Since the early work in CRM was primarily conducted by social
psychologists, most of the findings and proposed solutions that we all used
for our early programs had a distinct social psychology spin. This early
work by social scientists did a lot to help us put voice, understanding,
and awareness to the domain we now call CRM. However, for many developers
and managers on this forum, our predominant challenge involves identifying
effective training methods rather than finding new CRM phenomenon to train.

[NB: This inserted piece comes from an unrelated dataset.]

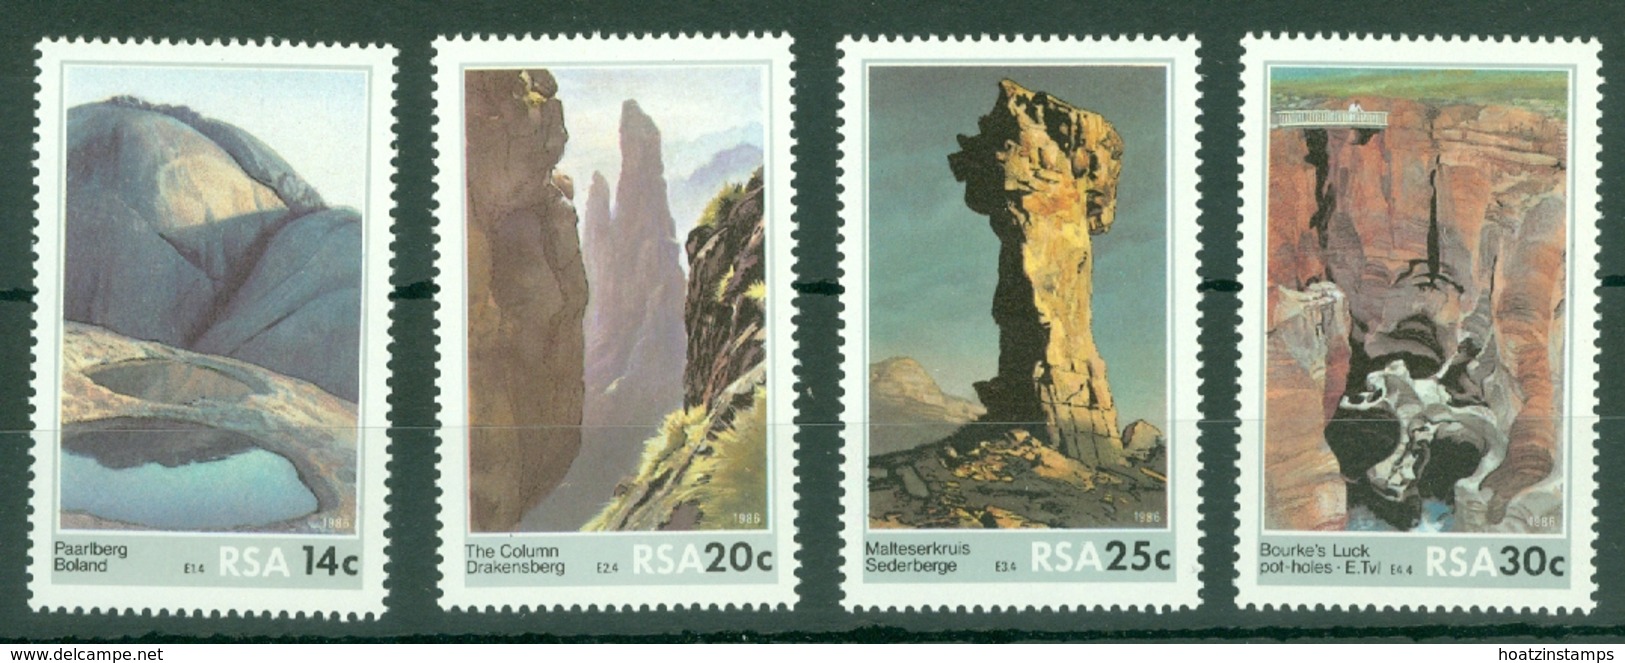 South Africa: 1986   Rock Formations   MNH - Unused Stamps

We all know that training cannot solve all of our human performance
challenges, yet it remains one of our best tools. Since many of the
individuals on this forum have jobs that include training development, I
would like to focus a few paragraphs on the underrepresented science of
training.
Skilled training scientists are well suited for identifying effective CRM
and safety training methods, yet, how many training scientists do you see
at CRM and Human Factors conferences? While social psychologists still
have much to tell us about the way humans interact, training scientists
have scarcely begun showing us how to build better training solutions to
meet CRM and safety training challenges. The body of knowledge on
professional training is immense and very mature. By-and-large it has not
been effectively tapped by the CRM community. Multimedia creates
tremendous training potential if we have the wherewithal to seek experts
who can help us maximize its effectiveness. The increased utility and
accessibility of multimedia will further increase the need for skilled
training scientists. The science of training is grossly underrepresented
in today's CRM and safety training programs.
New paths to training scientists, multimedia experts, and other training
methodology experts will allow us to draw from expertise that we will not
find if we use the traditional paths and doors we have used for the past 20
years. This forum is an integral part of building better paths to other
professionals and a refreshing change. Yet old paths have familiar footing
and familiar paradigms are comfortable. I am reminded of a saying: "If
you always do what you have always done, then you will always get what you
always got". I am also reminded of a humorous definition of psychosis:
"It's doing the same thing over and over but expecting different results".
I am encouraged to see training scientists joining our discussions and I
would encourage the group to invite other training scientists and experts
(inside or outside aviation) to contribute. A talented and accessible
training scientist will soon find a well-worn path to his or her door.
Two excellent contributions that that focused specifically on the science
of training come to mind immediately:
1. Ros Woodhouse's response today:
http://www.caar.db.erau.edu/lists/crm-devel/Feb_98/0044.html
2. Wendy Santilhano's response on experiential training in June 1997:
http://www.caar.db.erau.edu//lists/crm-devel/Jun_97/0043.html
There have been countless others but these stick in my mind as addressing
core "science of training" issues. Thanks for your expertise!
Best Regards,
Vince Mancuso
??? Wendy, are you still out there???